Хочется мне всегда, очень хочется прийти к Петру Гадову и сразу же, не заходя домой, пойти вместе с ним к кроликам, осмотреть ряды клеток, загоны, полюбоваться малышами, кроликами-подростками и обязательно потрепать за уши белого великана Васю, который жил когда-то у меня, а теперь вот ведет такое же крупное белое племя у Петра.
В ту пору, когда решился Петр Гадов заняться кроликами и оставить другую громоздкую скотину, купить кроликов в Карелии было трудно. Но, на наше счастье, этих зверьков откуда-то завезли, развели, а там и стали появляться в продаже длинноухие крольчата. Опоздали мы с Петром к открытию торговли и взяли то, что не успели разобрать до нас. Привезли крольчат домой, нагородили клеток и стали выслушивать самые ехидные насмешки… Мол, нечего вам делать — зверьками занялись. Держали бы корову: утром выгнал, вечером пригнал — и так все лето корова сыта будет… А зимой, мол, что: накосил летом стога два сена и пихай каждый день с сеновала в хлев по пудовке сенца… А то занялись, как малые дети, игрушкой — кроликов развели, кормят на дню три раза, травку рвут, клетки каждый день чистят — смехота одна… Да и все равно все передохнут, что мы не знаем, что ль…

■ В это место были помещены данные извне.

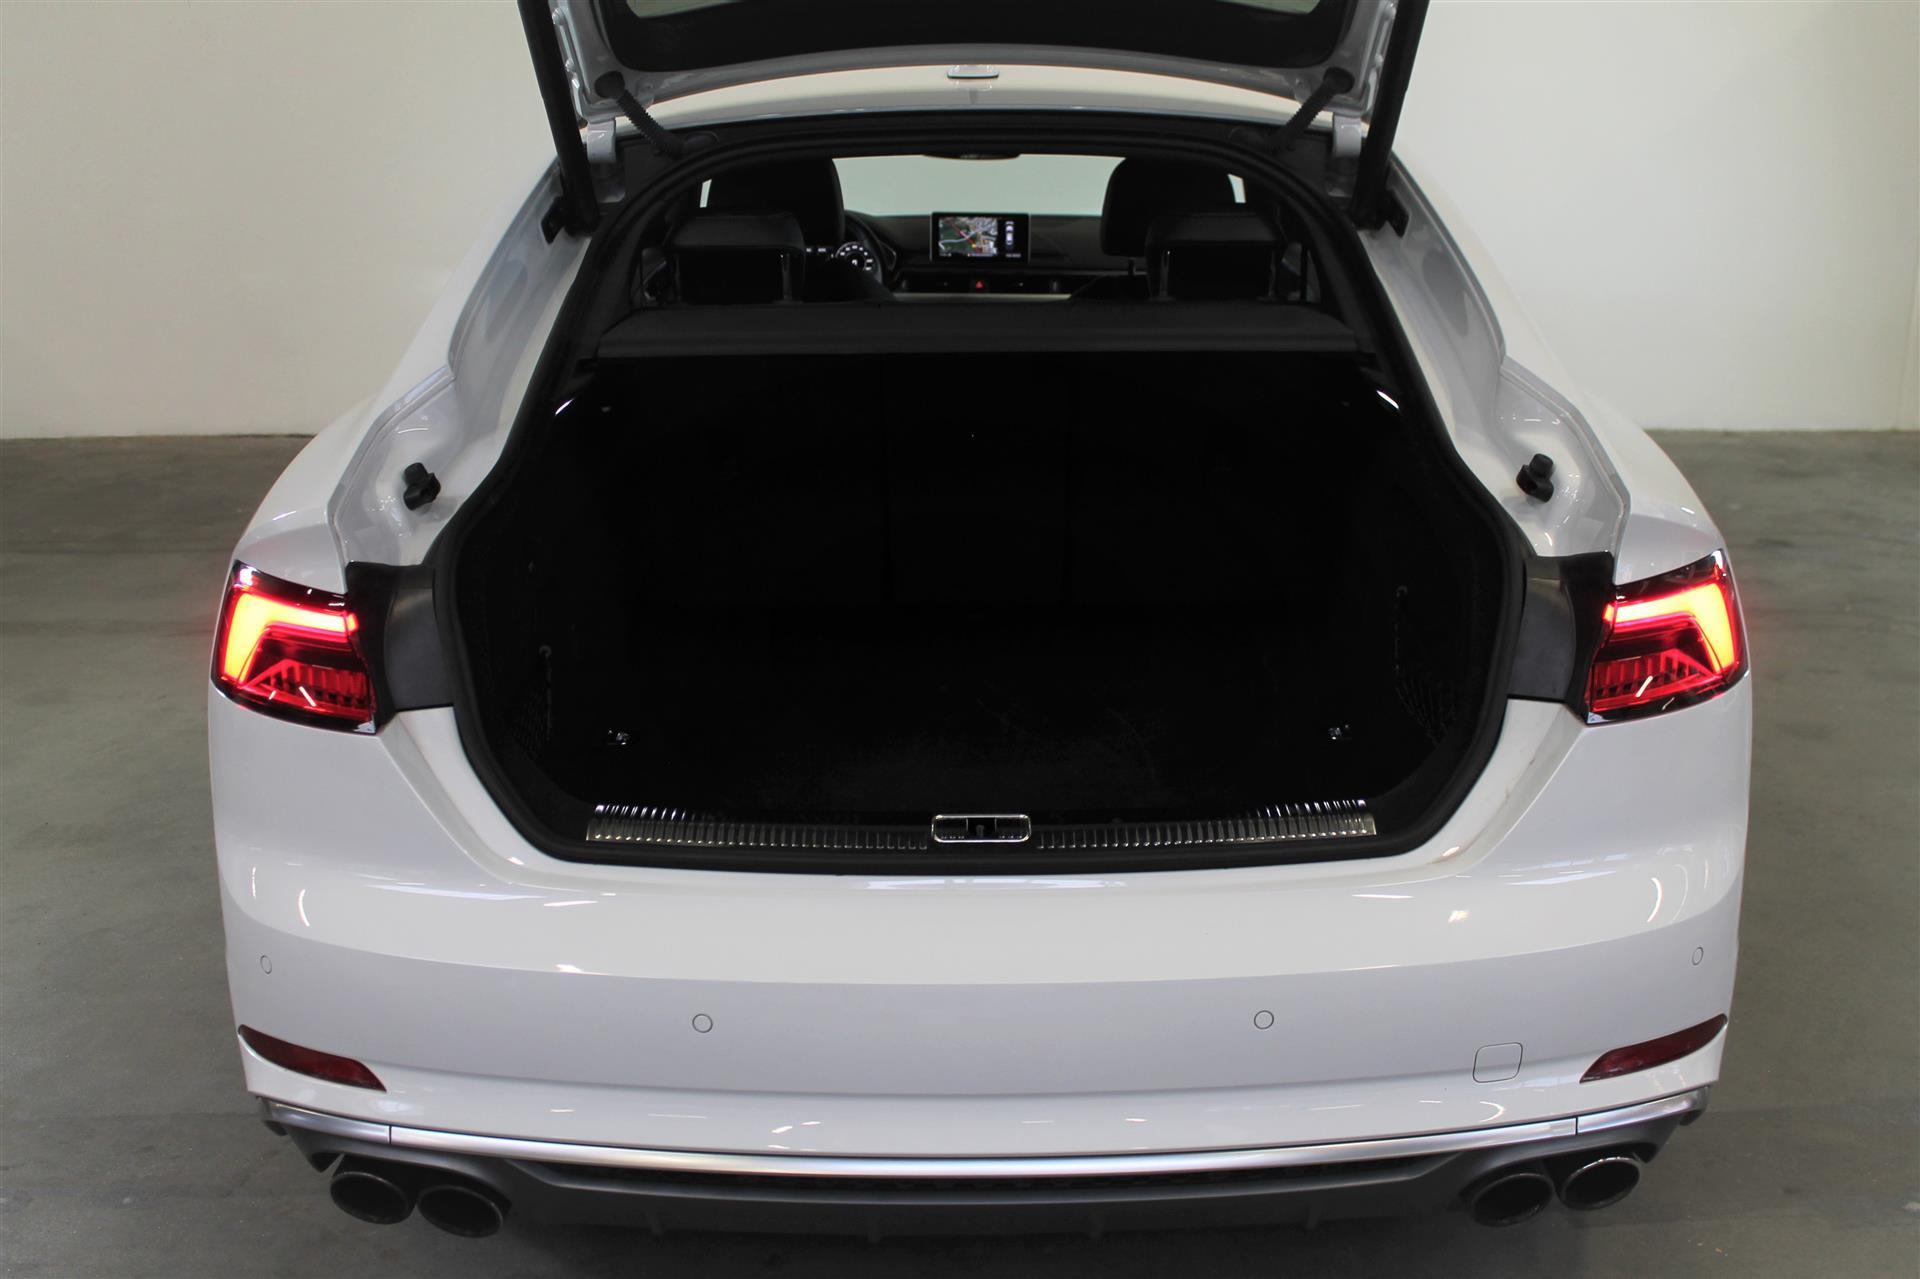 Sportback 3,0 TFSI Quattro Tiptr. 354HK 5d 8g Trinl. Gear image10

Уж не знаю, какой другой интерес был у коренного шуйского жителя Петра Гадова разводить кроликов, когда был у него и хлев для коровы, и хороший покос с лесной травой. Но главную свою мысль Гадов мне поведал. Мысль эта глубока и считаю нужным ее привести: «Поселок растет, становится городом, выходит, и старое домашнее' хозяйство должно меняться. Коров в городе-поселке не держать — трудно это, да и не к чему. А без животины в своем доме нельзя никак: работа нужна человеку дома, забота, и ребятишки за дело приняться могут, если приучить их к этому делу. Выходит, самый наилучший тут зверек — кролик. Ребятишки ни курицу, ни овечку так не полюбят, как кроля… Да и с мясом всегда будешь…»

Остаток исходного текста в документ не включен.